[Opening DATASET EXTRACT section]

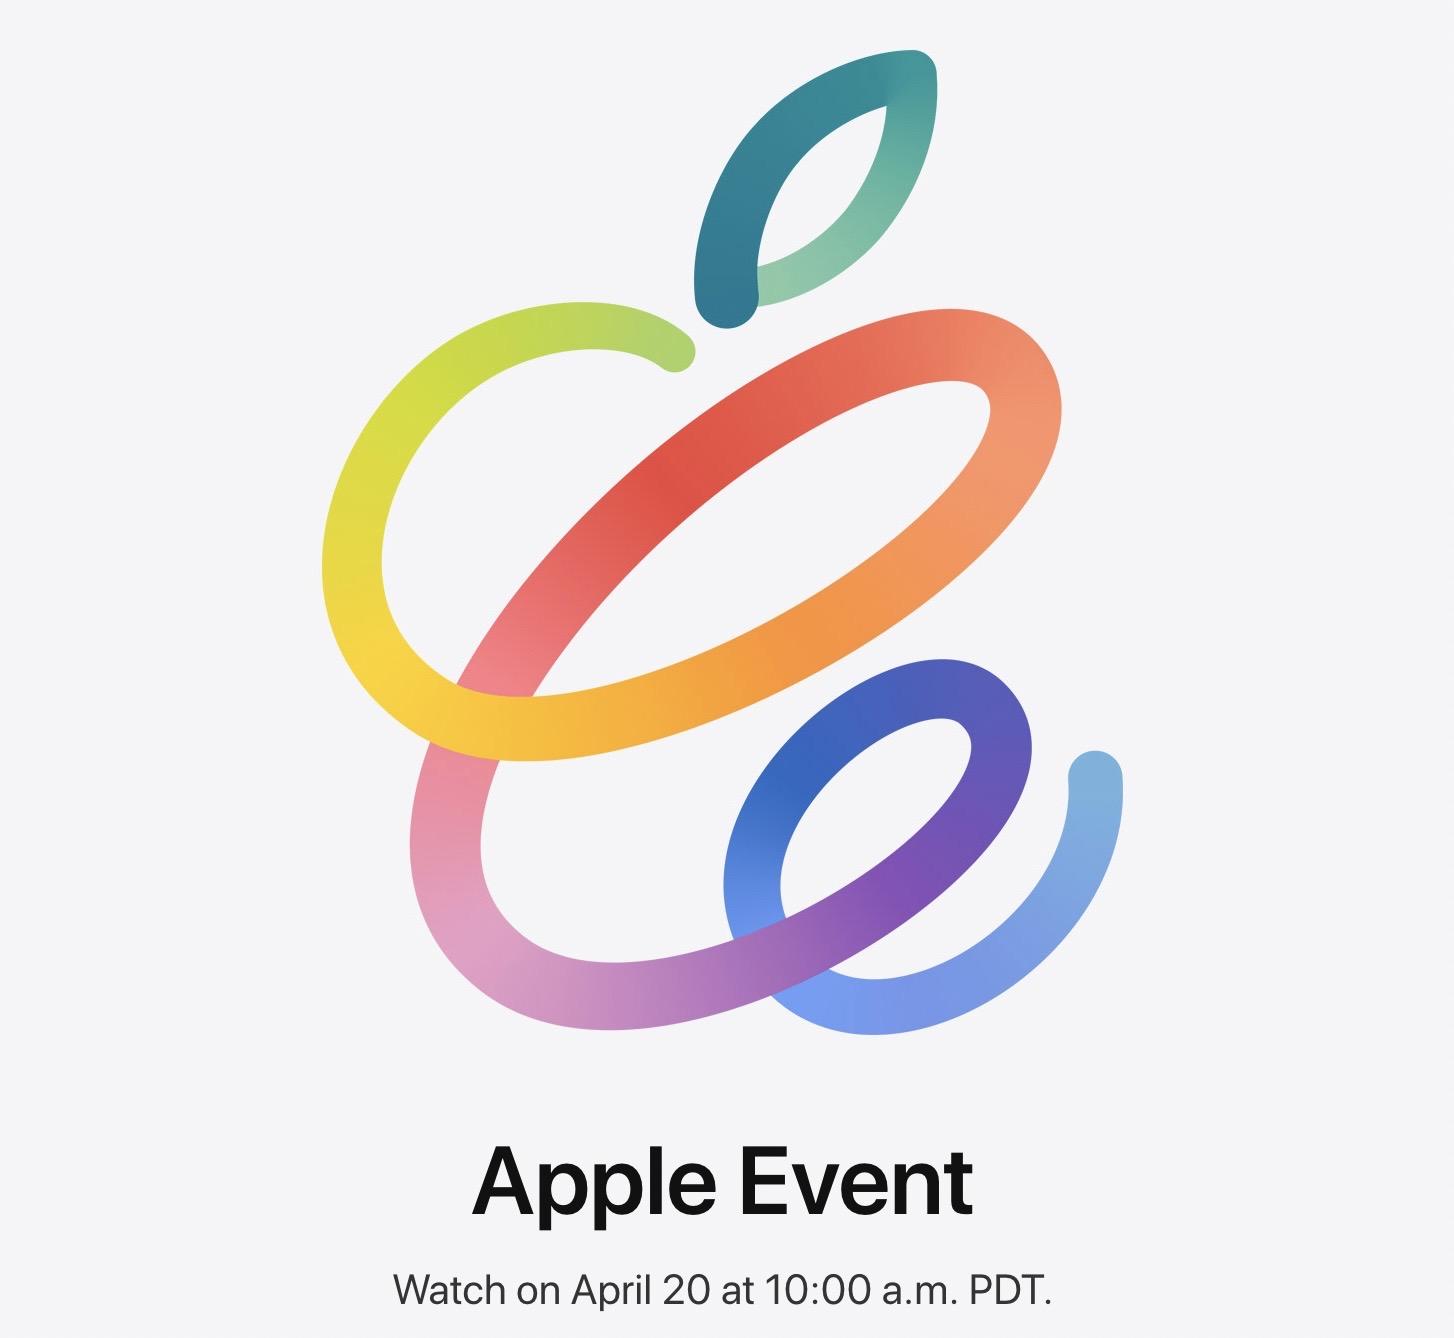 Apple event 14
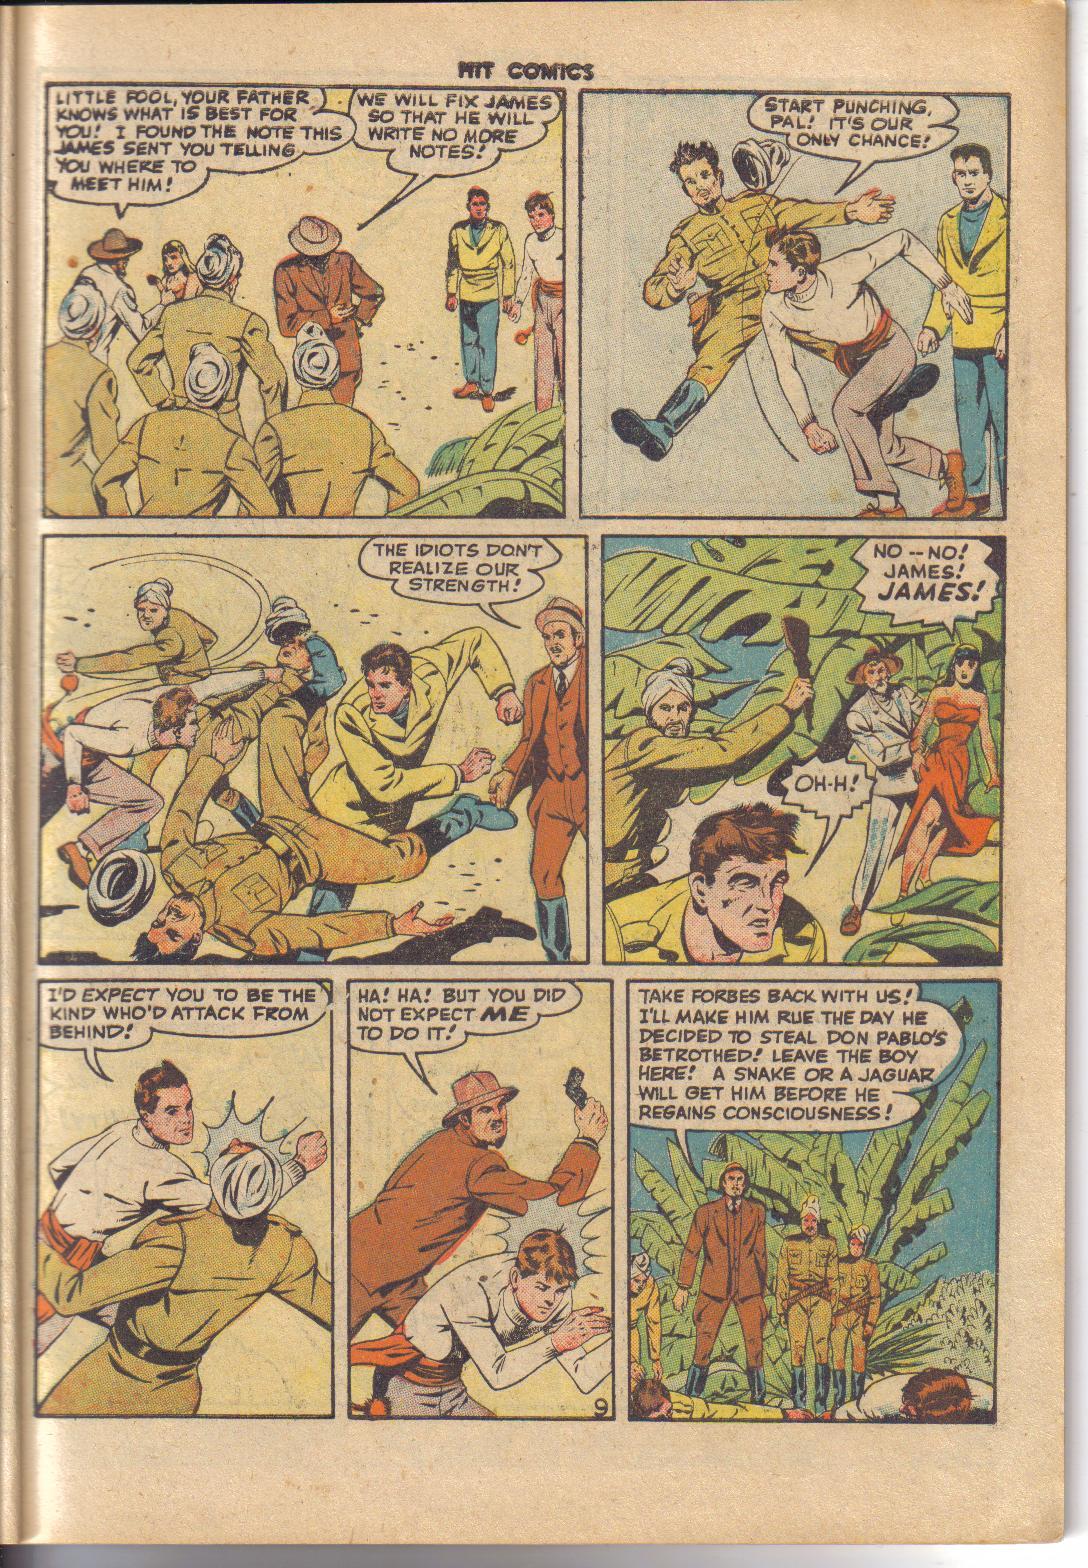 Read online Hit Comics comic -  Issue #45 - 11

[Closing DATASET EXTRACT section]
[Opening DATASET EXTRACT section]

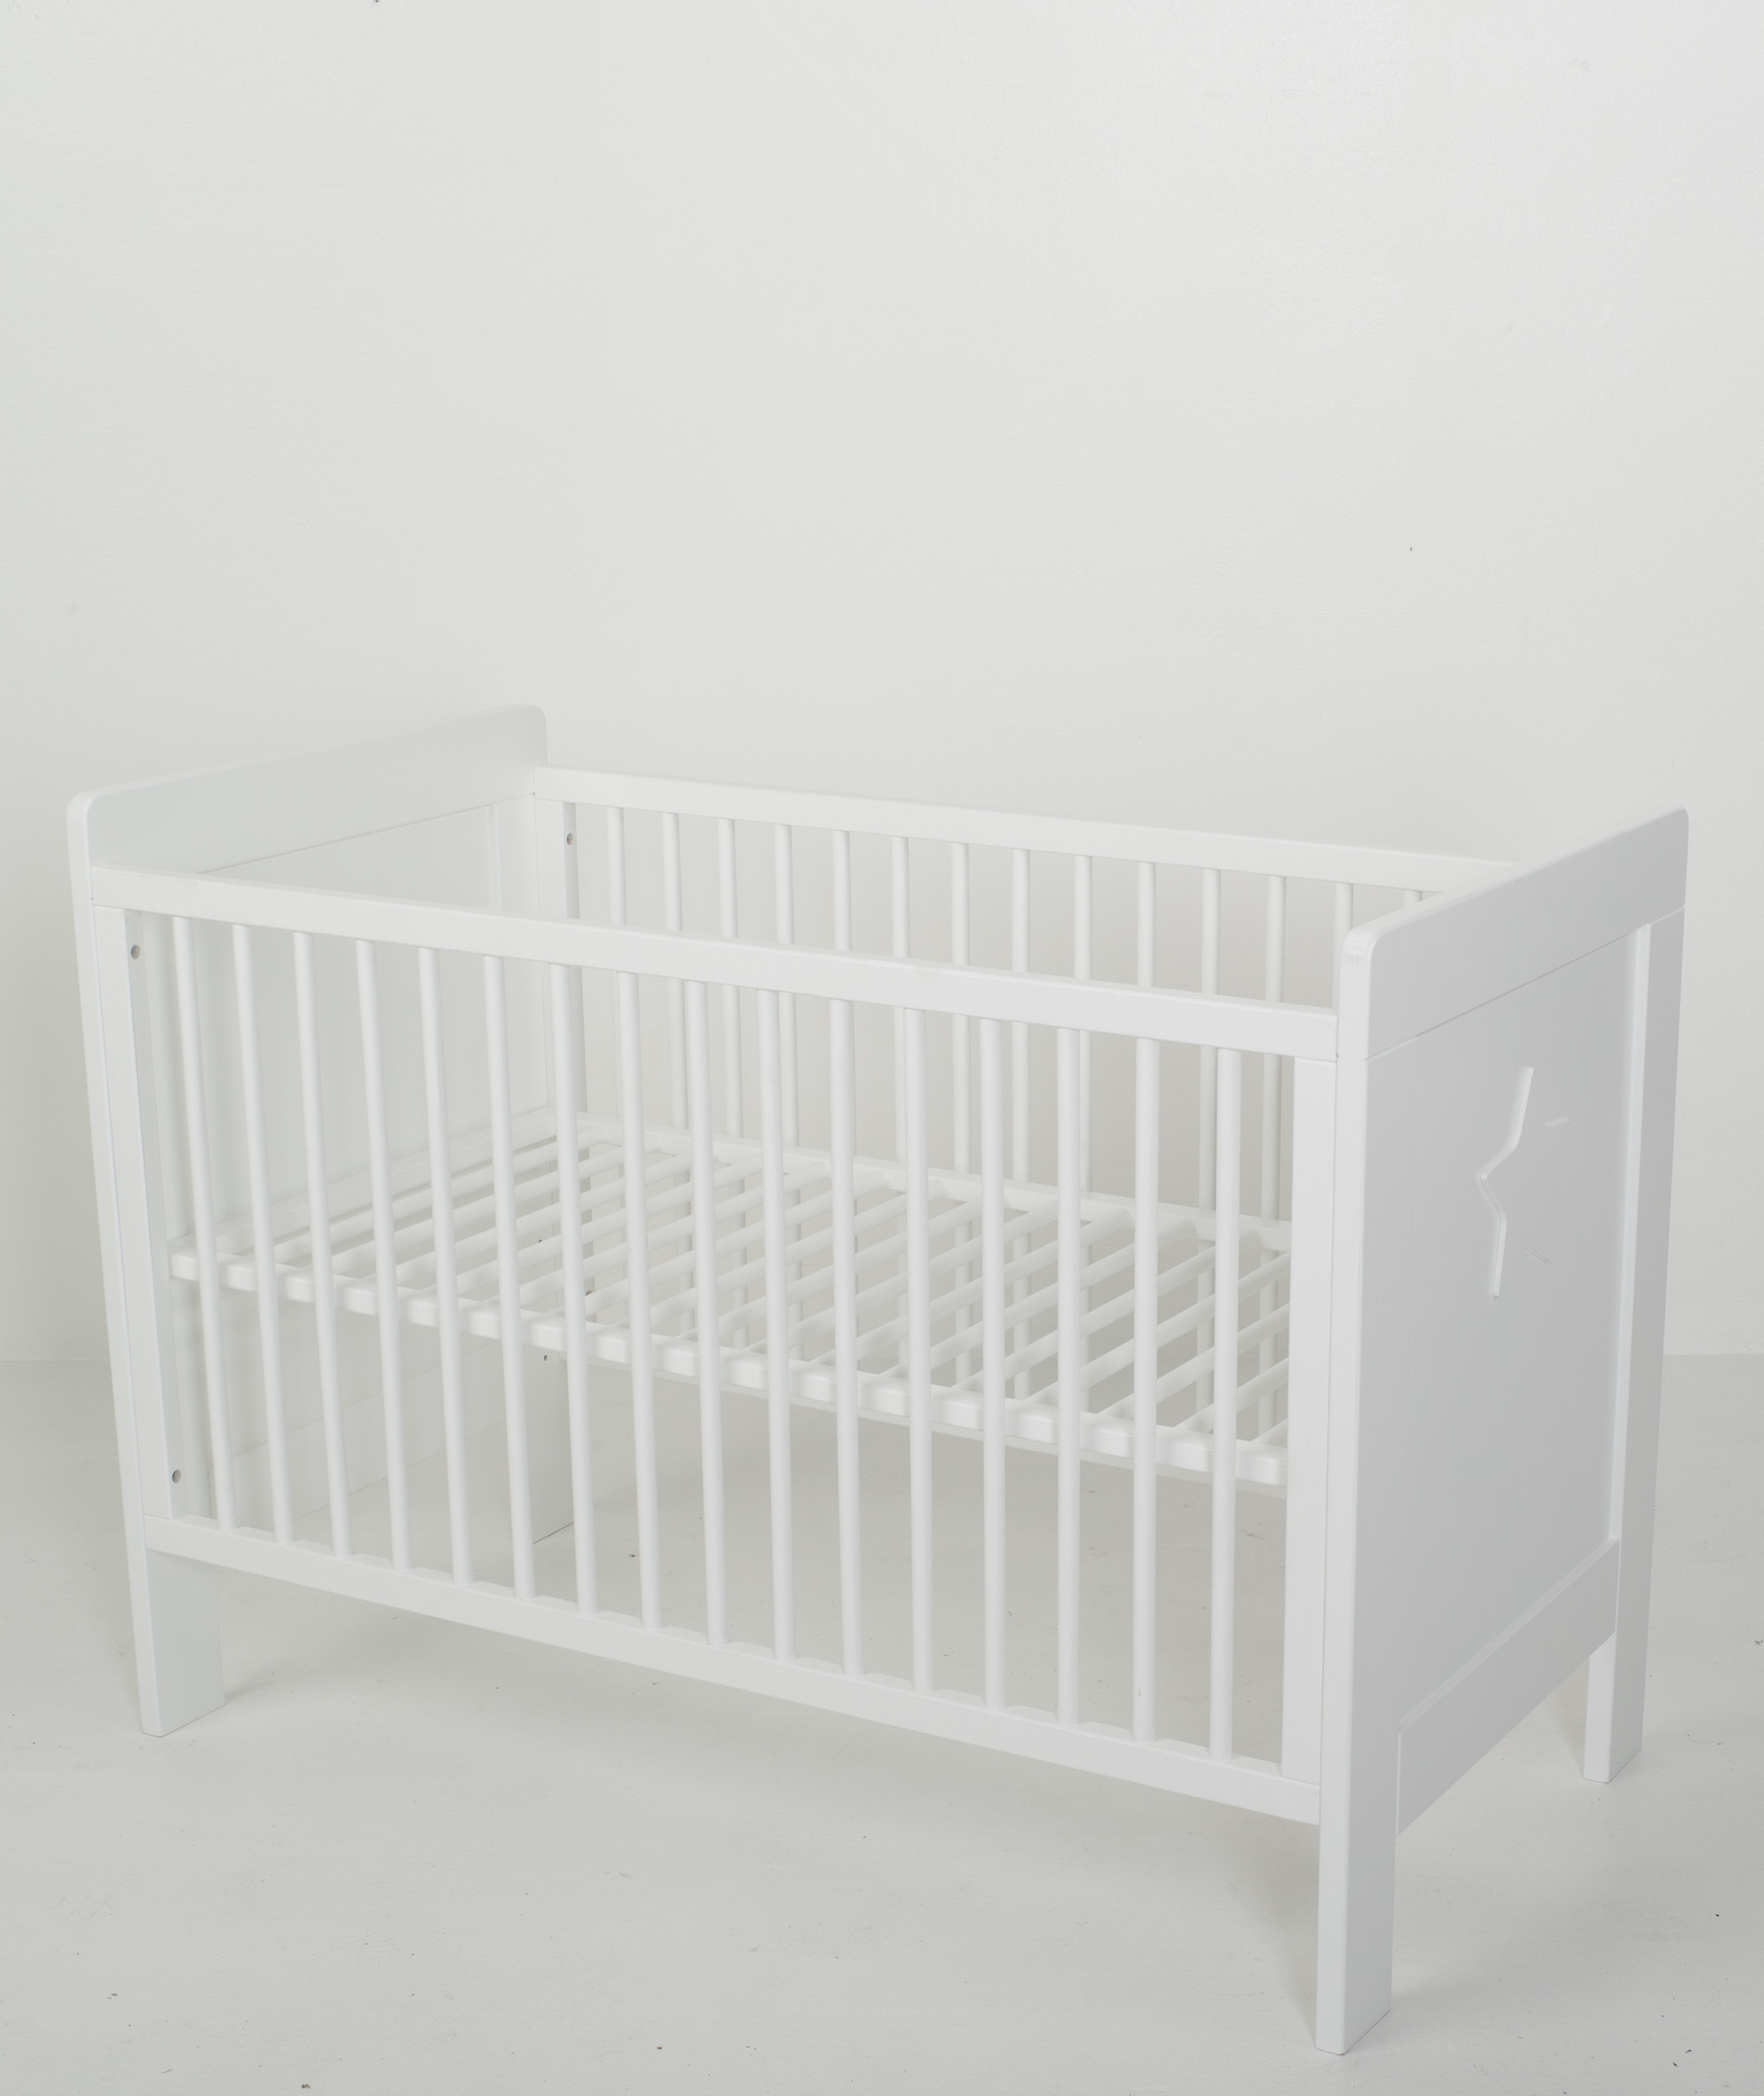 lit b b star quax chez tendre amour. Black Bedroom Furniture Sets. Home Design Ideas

[Closing DATASET EXTRACT section]

-- EXERCISE AIM --
The stretch to restate runs from the line above containing "Apple event 14" through the line containing "Read online Hit". Copy it word for word, ends included, without pictures.

-- ANSWER TO THIS PROBLEM --
 Apple event 14
 Read online Hit Comics comic -  Issue #45 - 11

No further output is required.